» INFORMATION SHOWN:
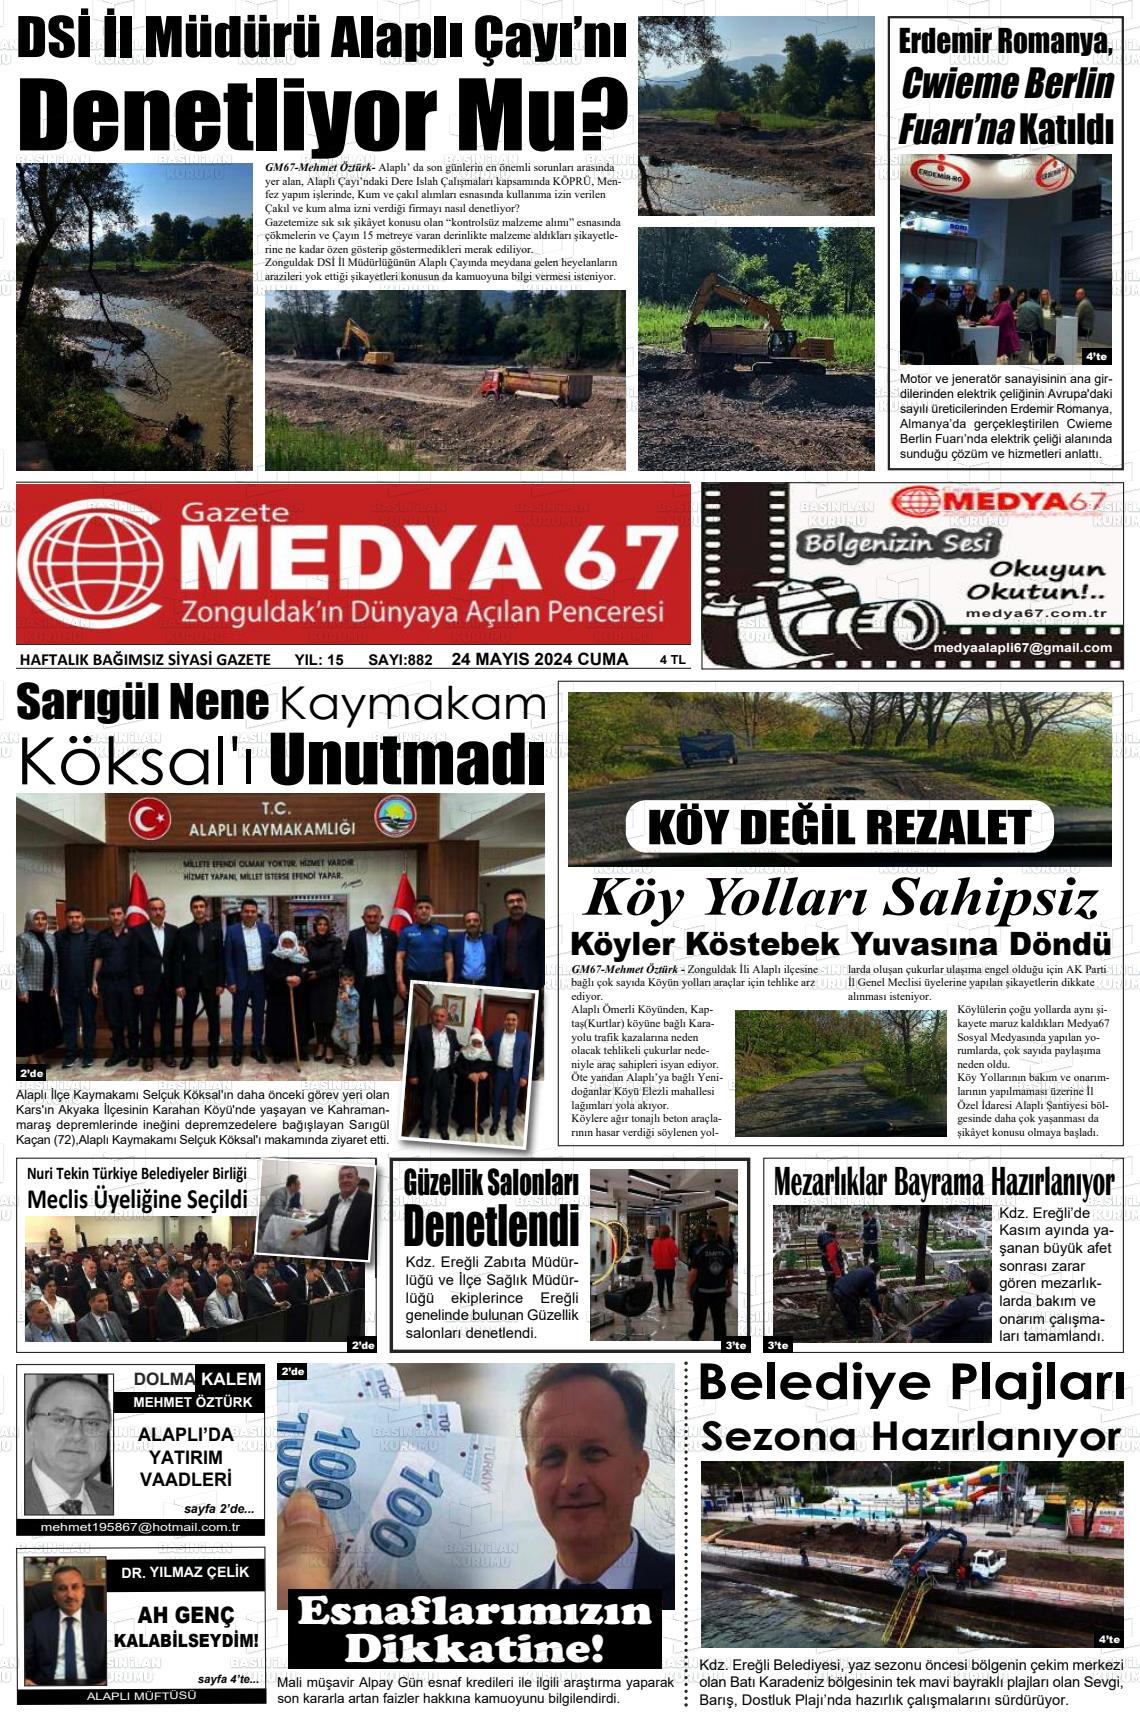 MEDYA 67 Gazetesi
---
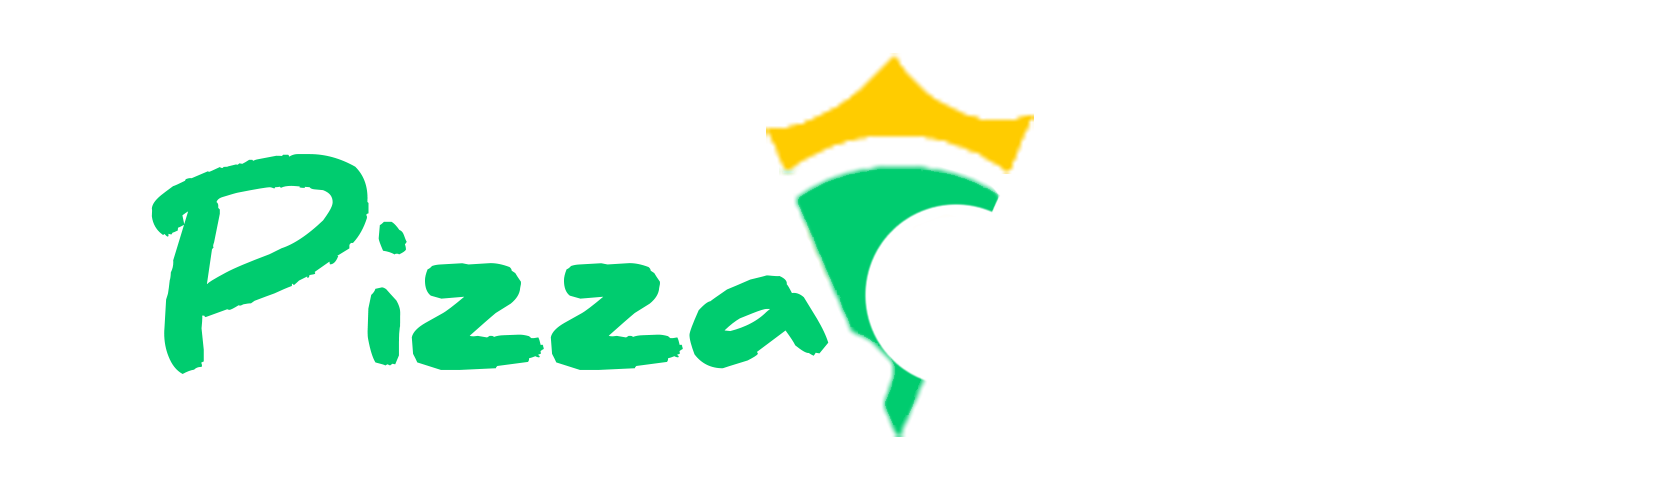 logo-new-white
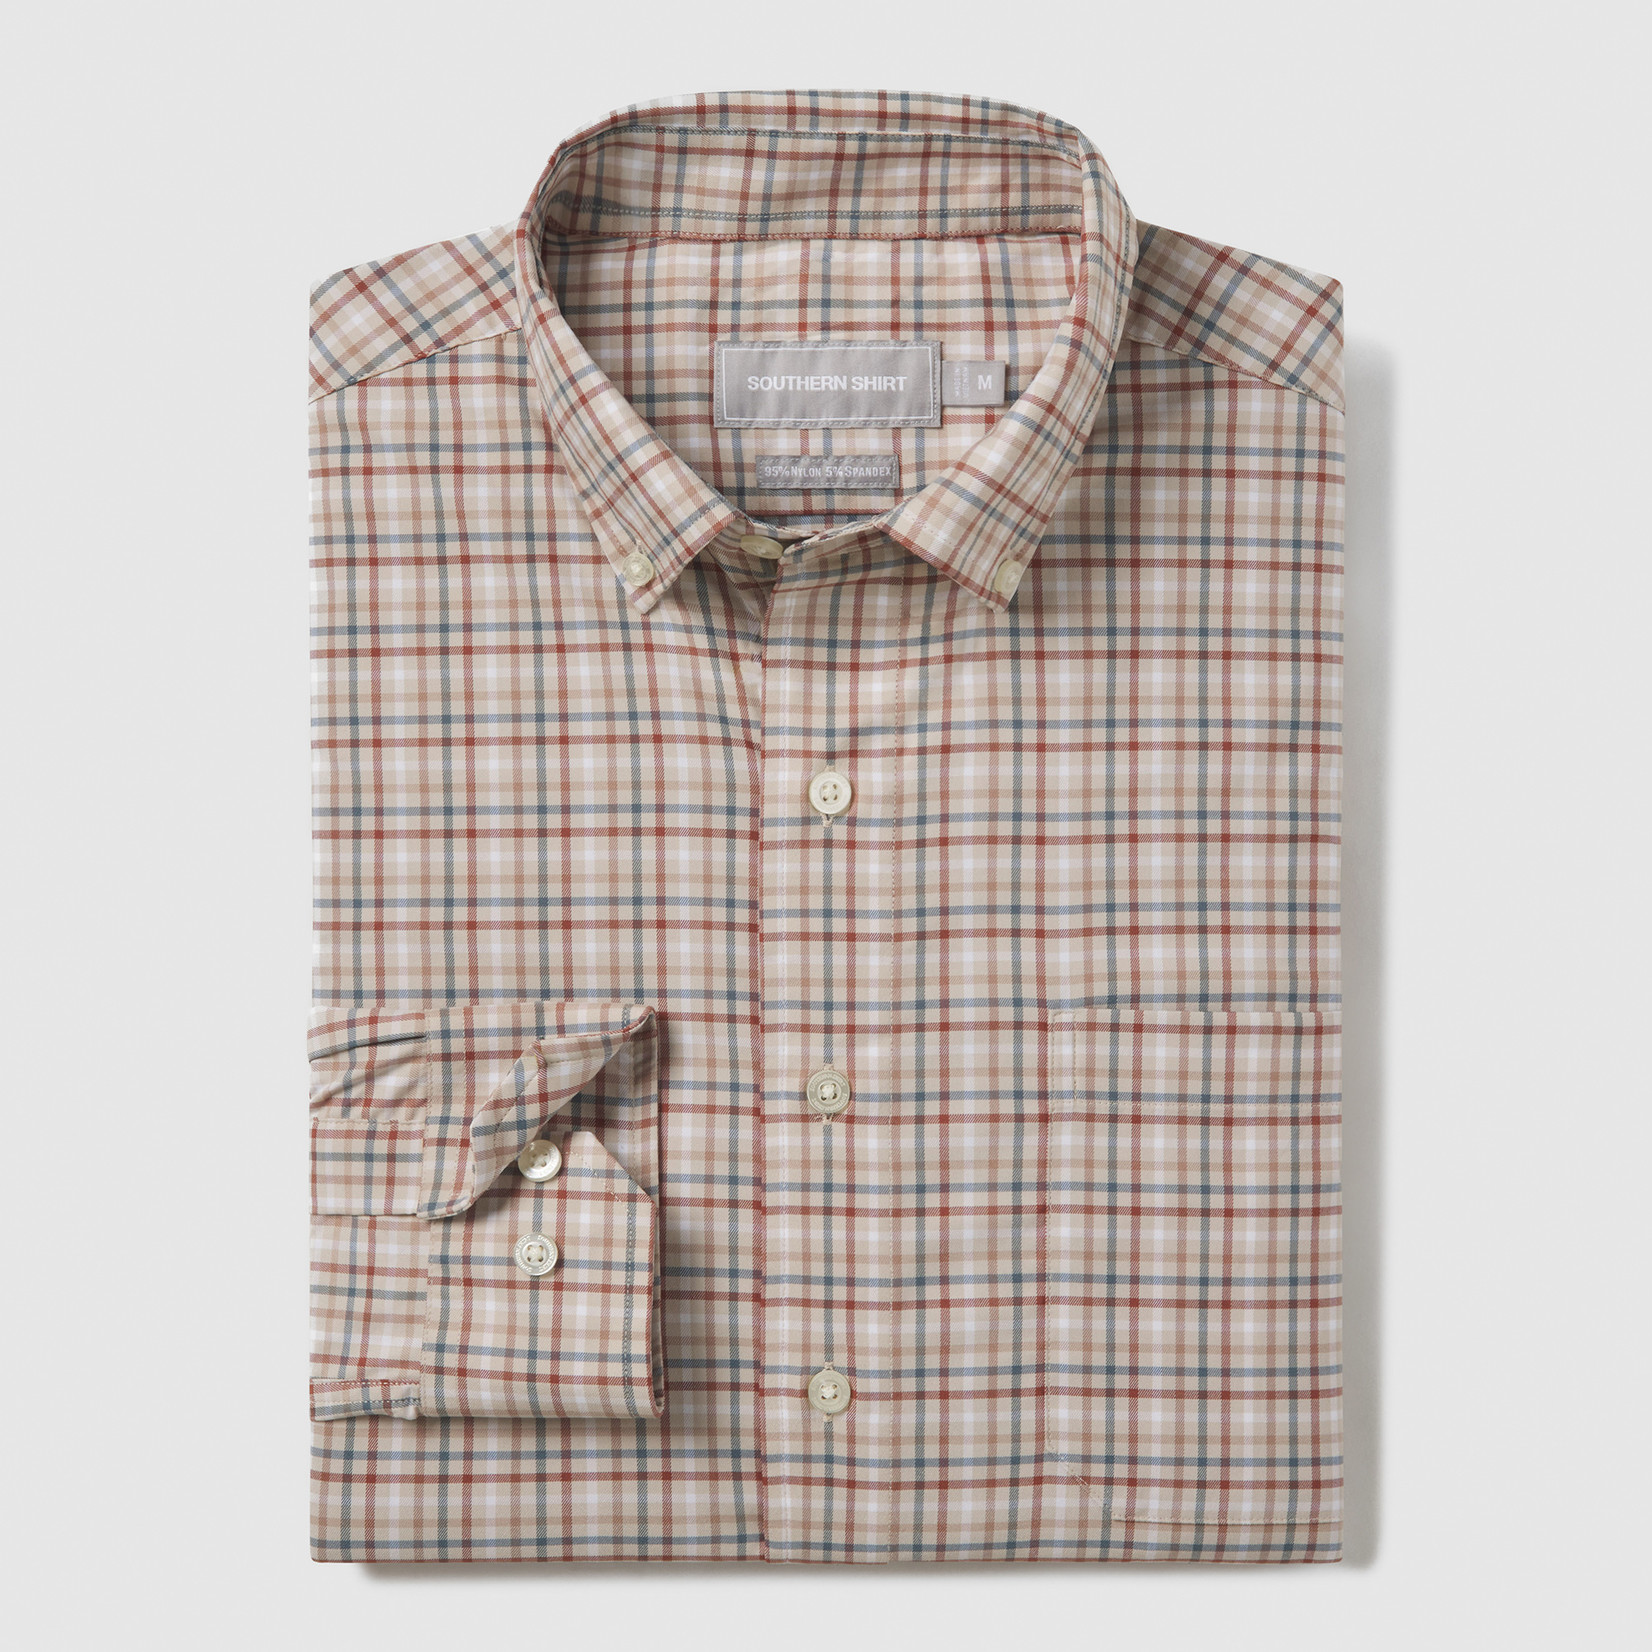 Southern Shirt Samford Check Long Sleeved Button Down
--
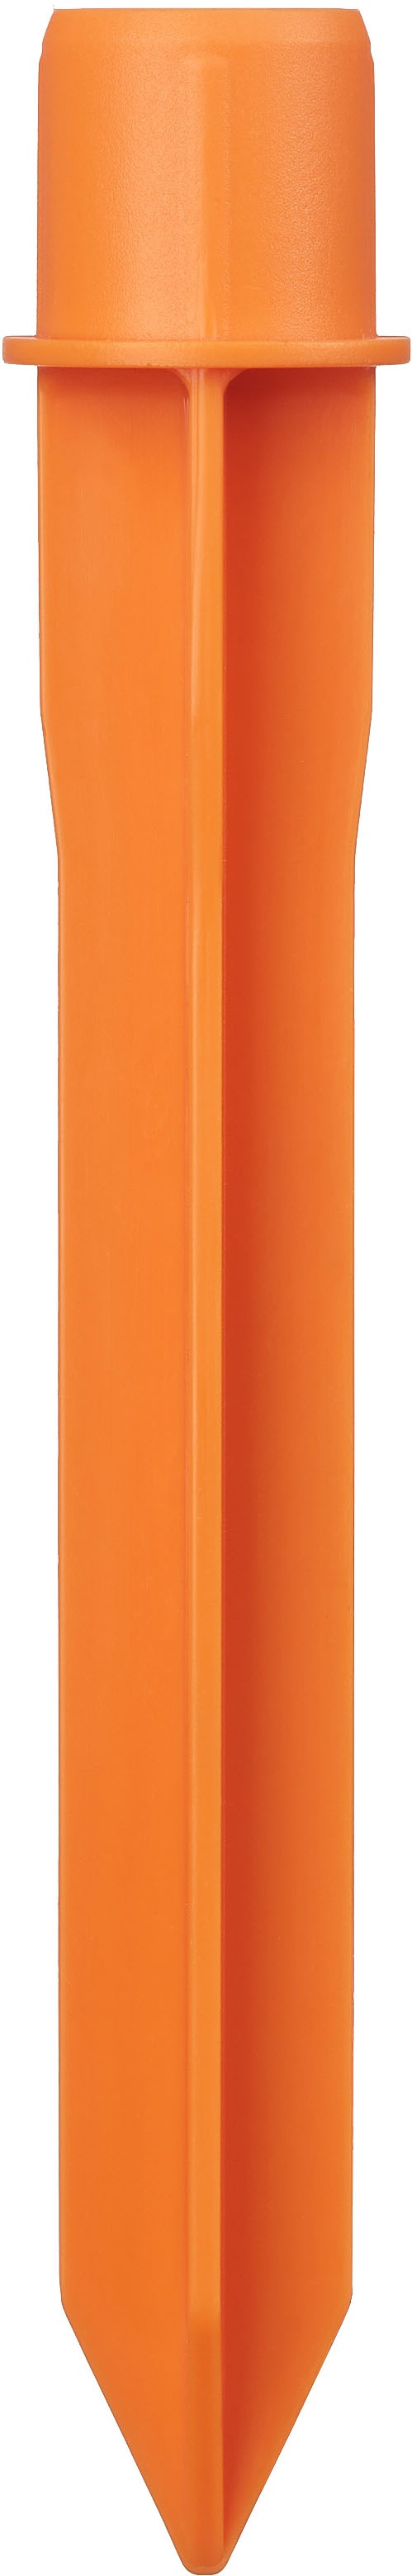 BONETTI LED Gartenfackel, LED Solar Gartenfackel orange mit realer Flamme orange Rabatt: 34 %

» EXERCISE DIRECTIONS: Repeat exactly, and only, the entries from the line with "logo-new-white" through the line with "Southern Shirt Samford". Pictures are skipped.

» OUTPUT OF THE EXERCISE:
 logo-new-white
 Southern Shirt Samford Check Long Sleeved Button Down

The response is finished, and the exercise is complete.